3 Learning, validation, testing
Why slicing data:
Prevent overfitting
Test the generalizing capacity of a model on new data
A classic scheme:
Training set (70%) : to adjust the model.
Validation set (20%) : to adjust the hyperparameters.
Test set (10%) : to evaluate final performance
3.1 Cross-validation
Cross-validation is a method of estimating model reliability based on a sampling technique.
3.1.1 K-fold cross-validation
The original sample is divided into K samples (or blocks), then one of the K samples is selected as the validation set, while the other K − 1 samples constitute the training set.
Split the data into K sub-samples of the same size
For \(k = 1,··· ,K,\):
estimate the rule on the private data of sample k
predict the data of sample k with this rule
Compute the performance criterion on these K predictions
3.1.2 Leave-one-out cross-validation (LOOCV)

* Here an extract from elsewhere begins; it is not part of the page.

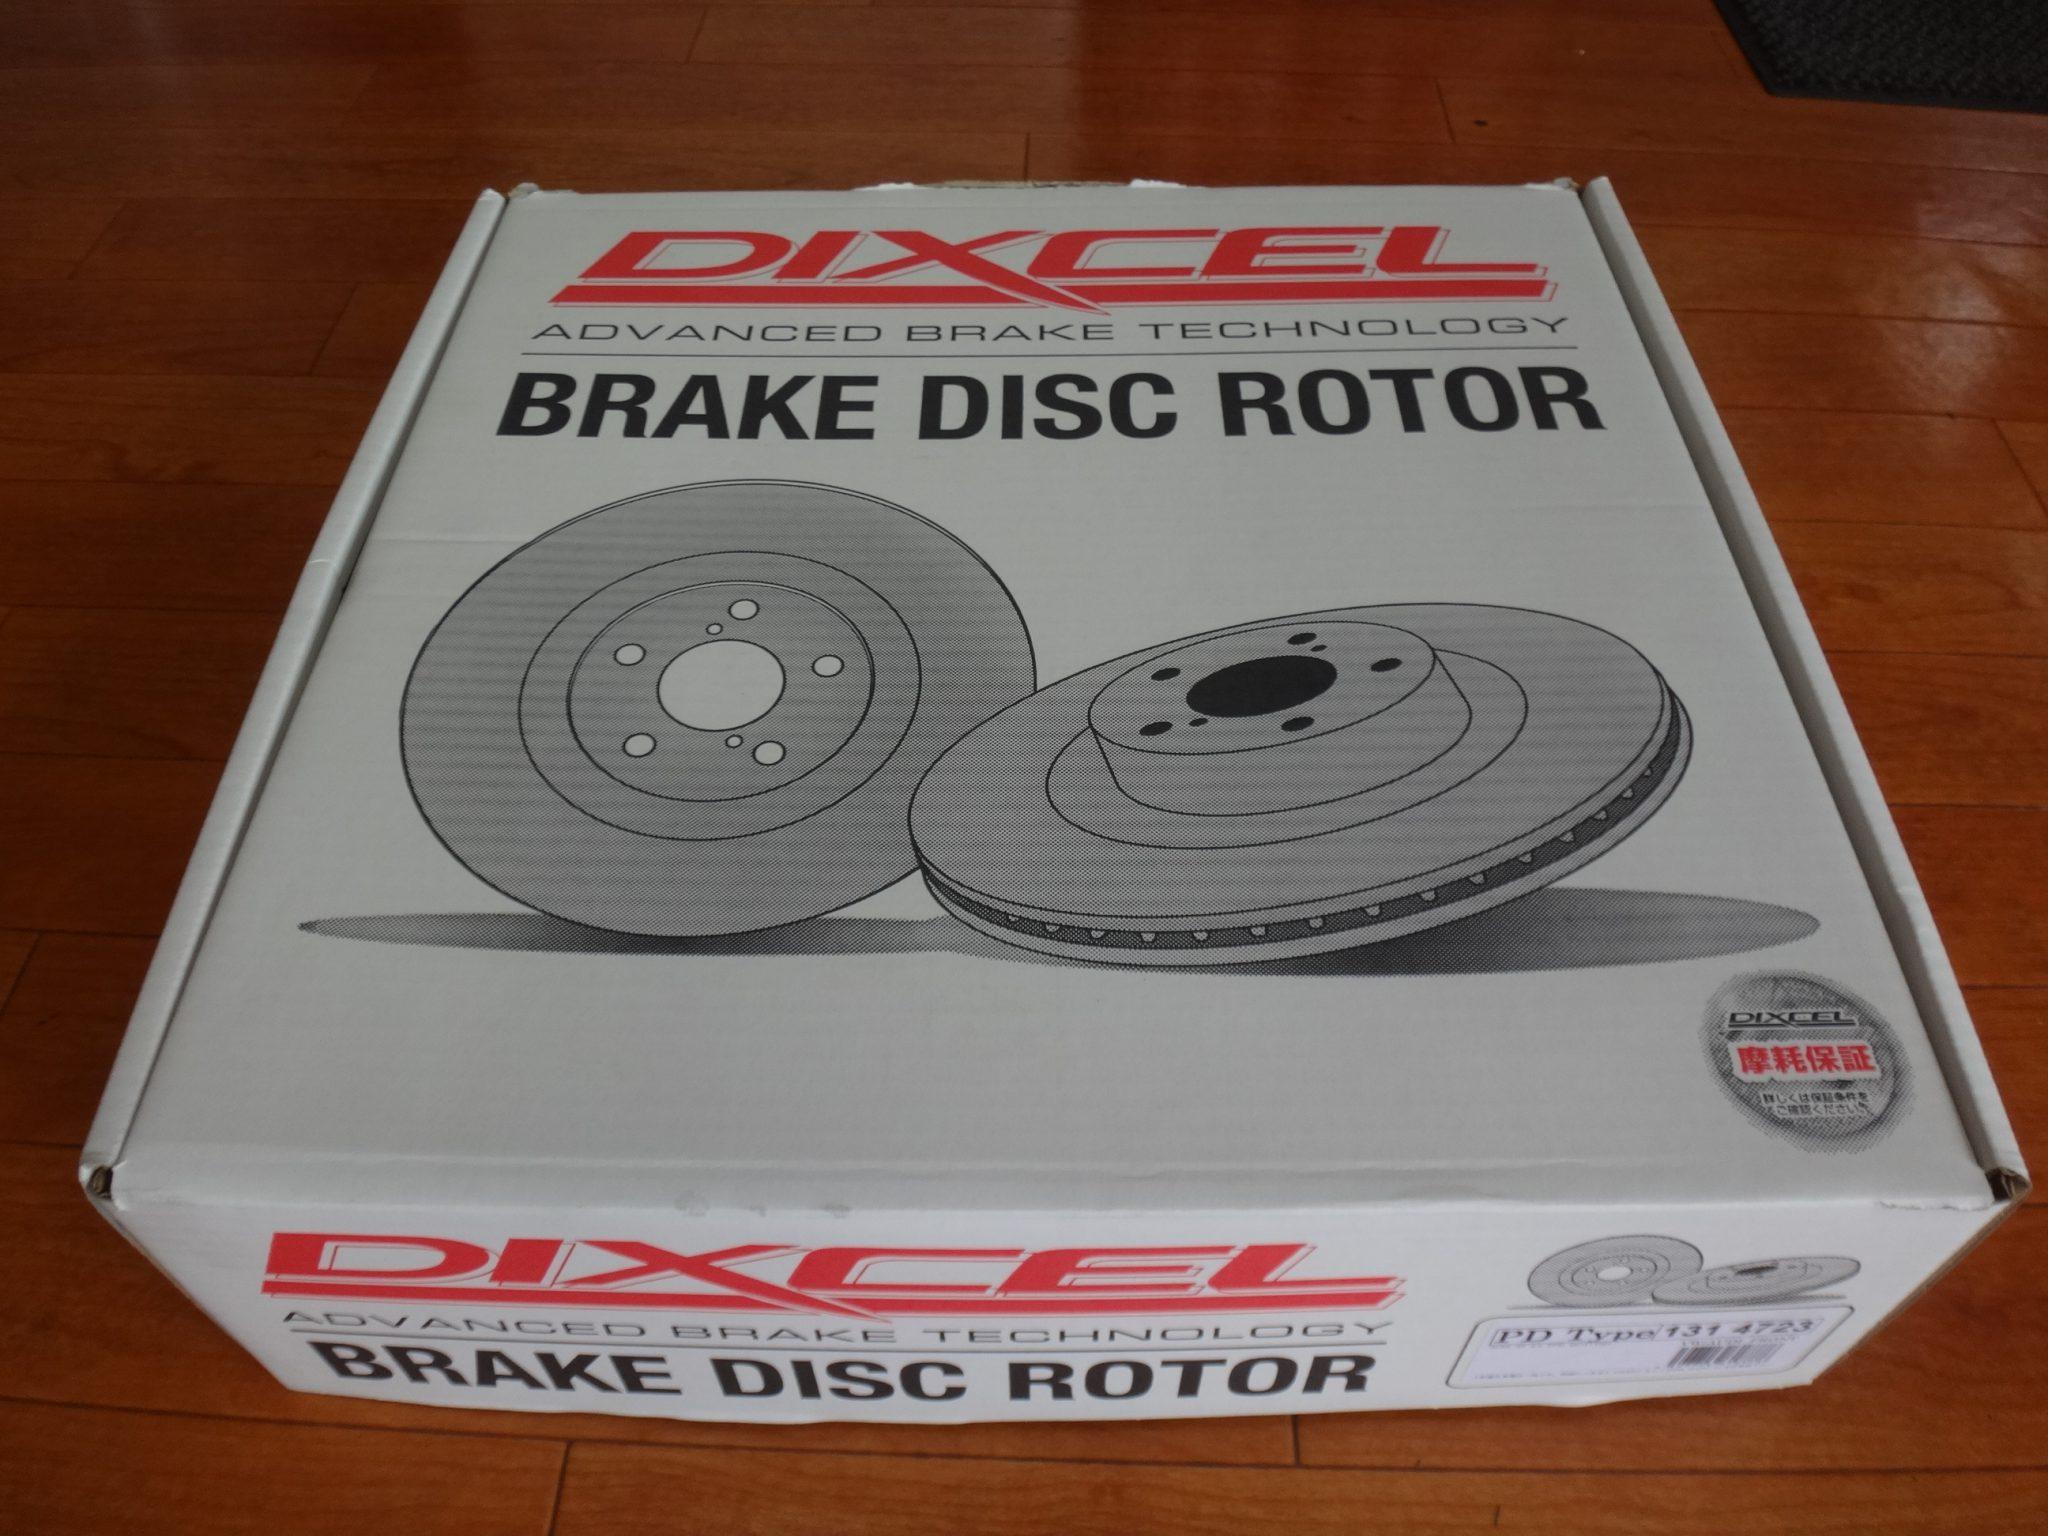 Audi,A7,sportback,3.0T,FSI,quattro,4WD,ディクセル,ブレーキディスクローター,ブレーキパッド,ブレーキセンサー,

Leave-one-out cross-validation is the special case of K block cross-validation with K = n. That is, at each learning-validation iteration, learning is performed on \(n − 1\) observations and validation on the single remaining observation.
For \(i = 1,··· ,n\)
estimate the rule on the data without the \(i_{th}\) data
predict this data i with this rule
Compute the performance criterion on these n predictions